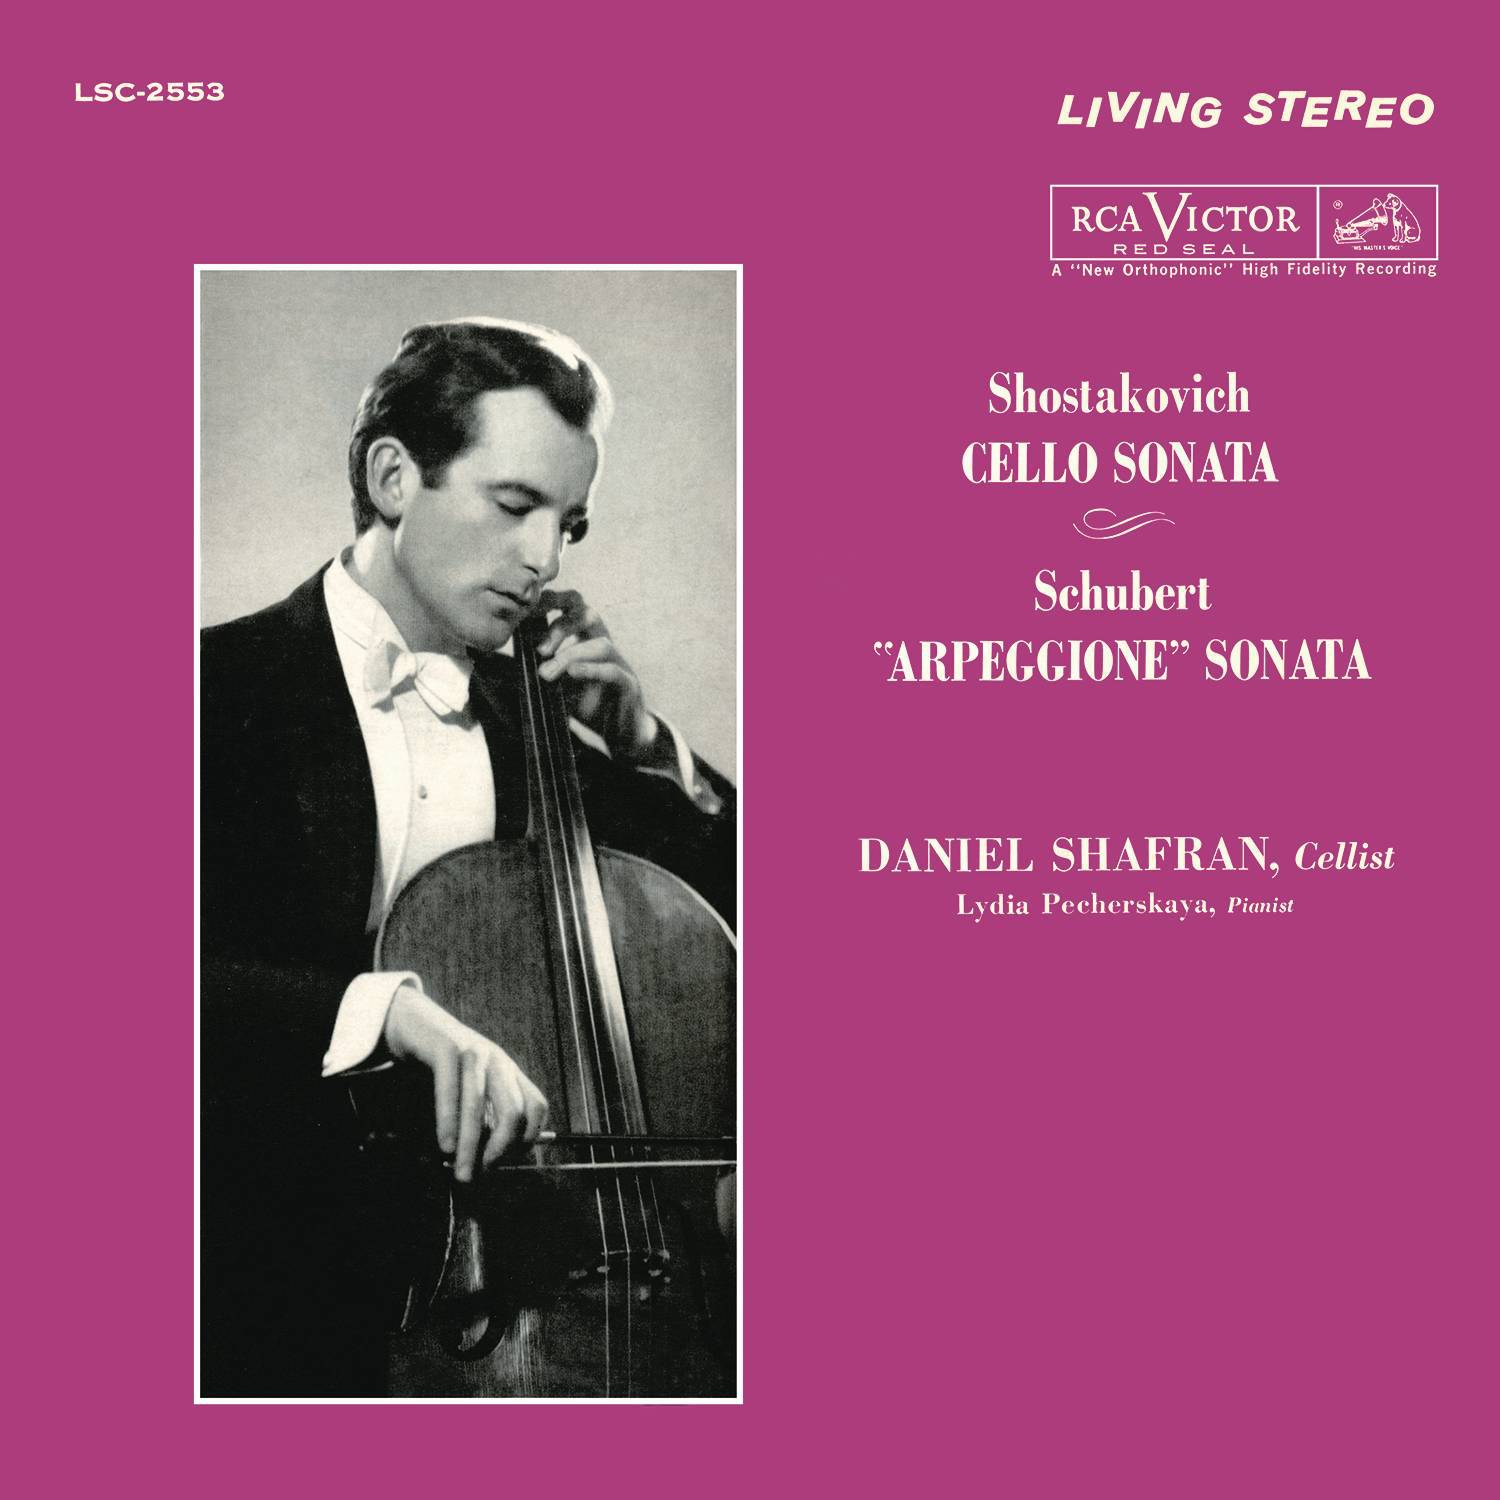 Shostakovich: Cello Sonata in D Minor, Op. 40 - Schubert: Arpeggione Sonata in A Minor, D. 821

------------------------------------------------------------------------

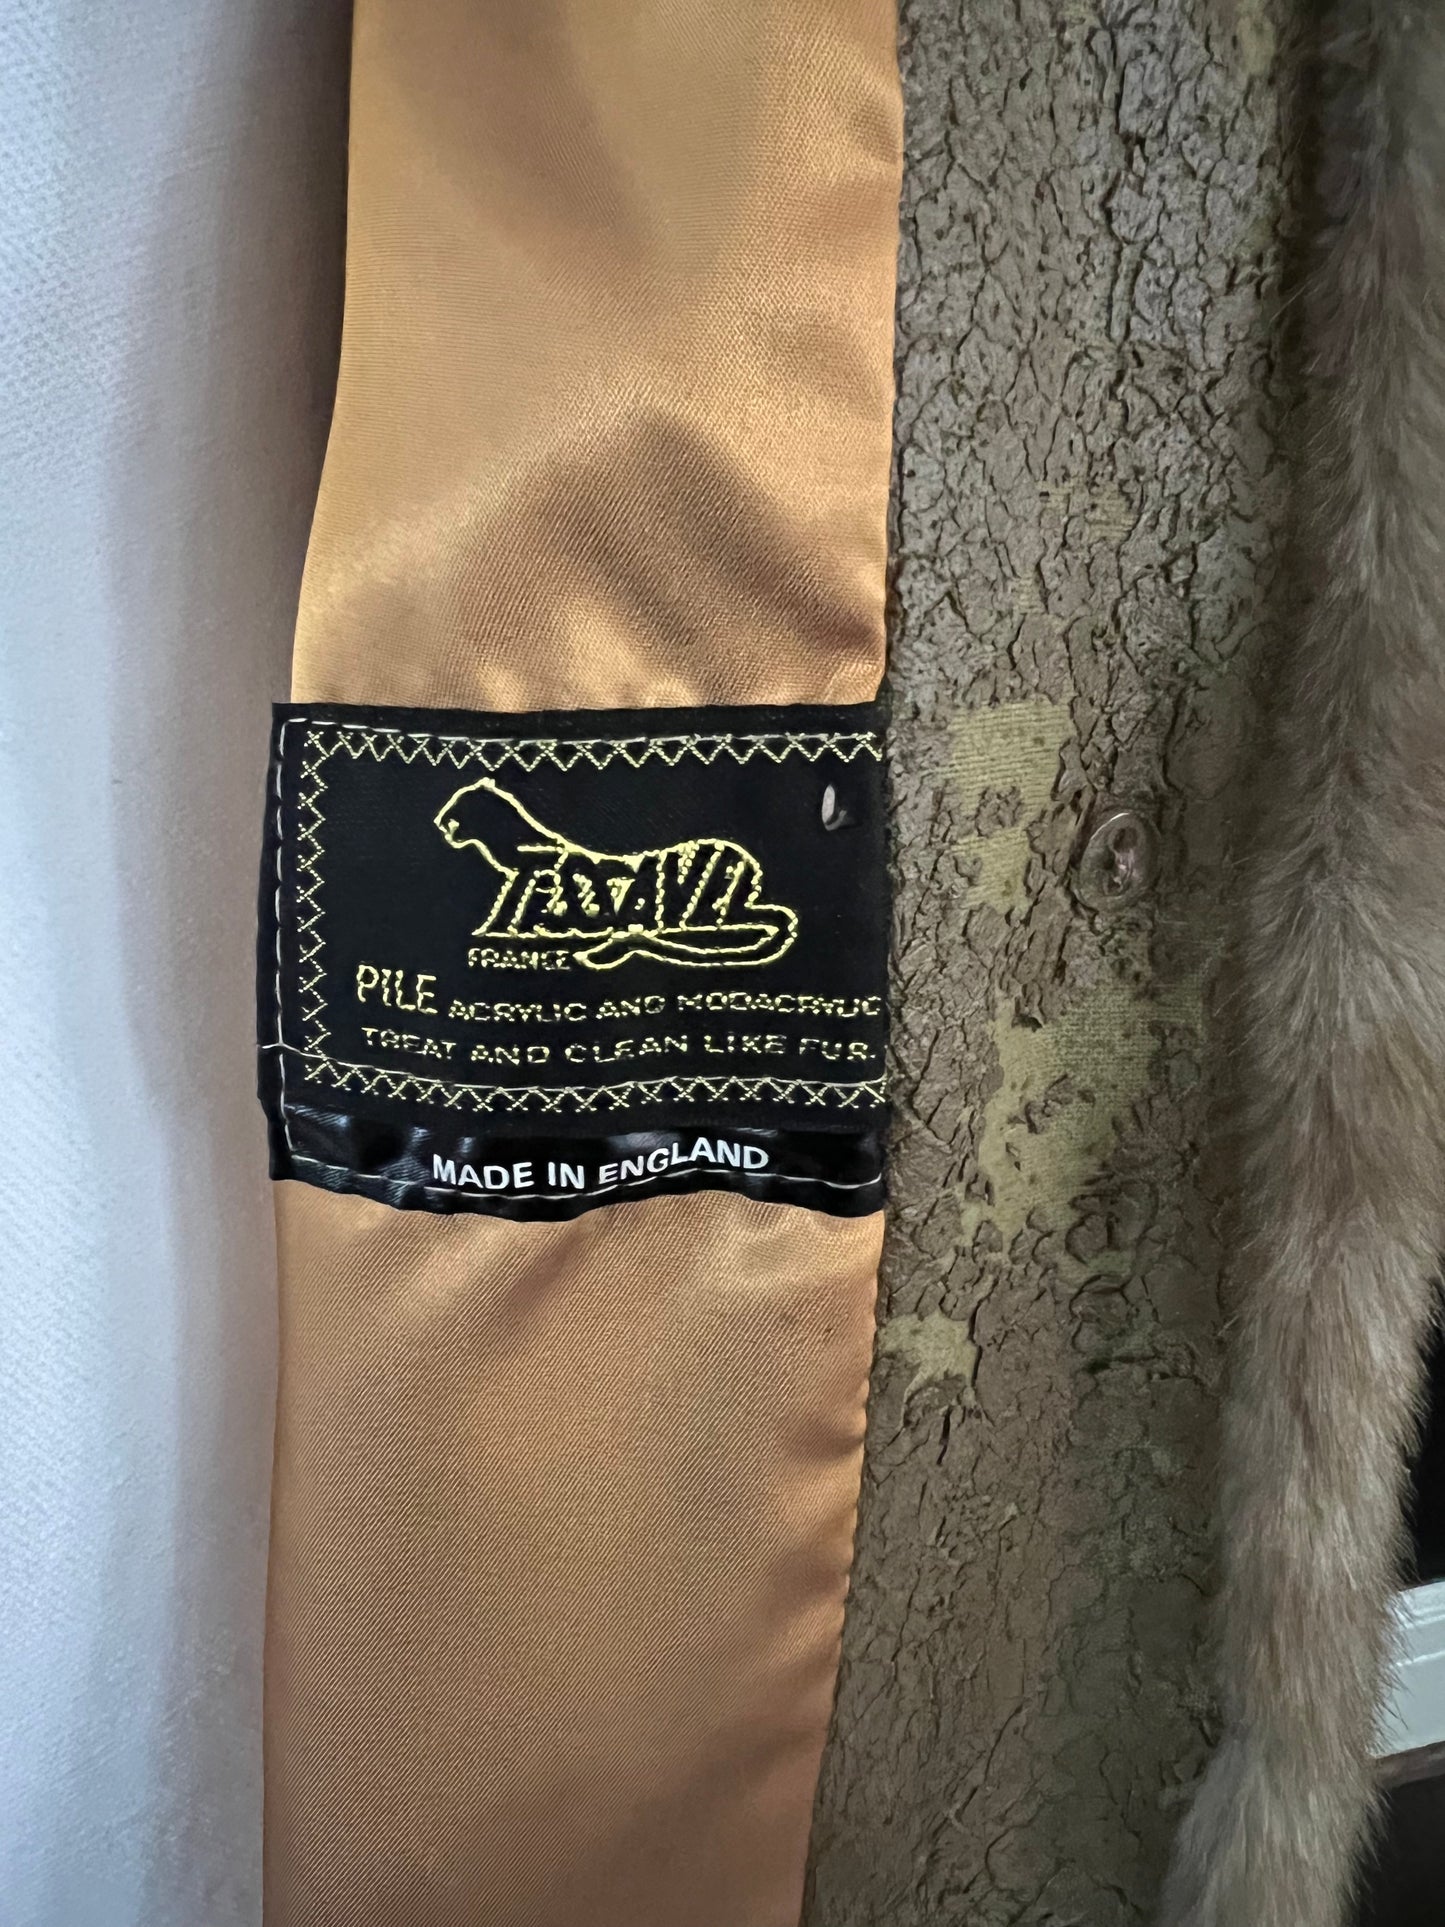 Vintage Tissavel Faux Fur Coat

------------------------------------------------------------------------

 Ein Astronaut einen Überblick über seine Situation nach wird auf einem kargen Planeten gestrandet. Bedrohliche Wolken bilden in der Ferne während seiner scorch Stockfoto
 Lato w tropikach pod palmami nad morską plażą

------------------------------------------------------------------------

:: Required action ::
After locating the line with "Ein Astronaut einen" above, return that line and every later line through the one with "Lato w tropikach", word for word and with nothing else.

:: Exercise solution ::
 Ein Astronaut einen Überblick über seine Situation nach wird auf einem kargen Planeten gestrandet. Bedrohliche Wolken bilden in der Ferne während seiner scorch Stockfoto
 Lato w tropikach pod palmami nad morską plażą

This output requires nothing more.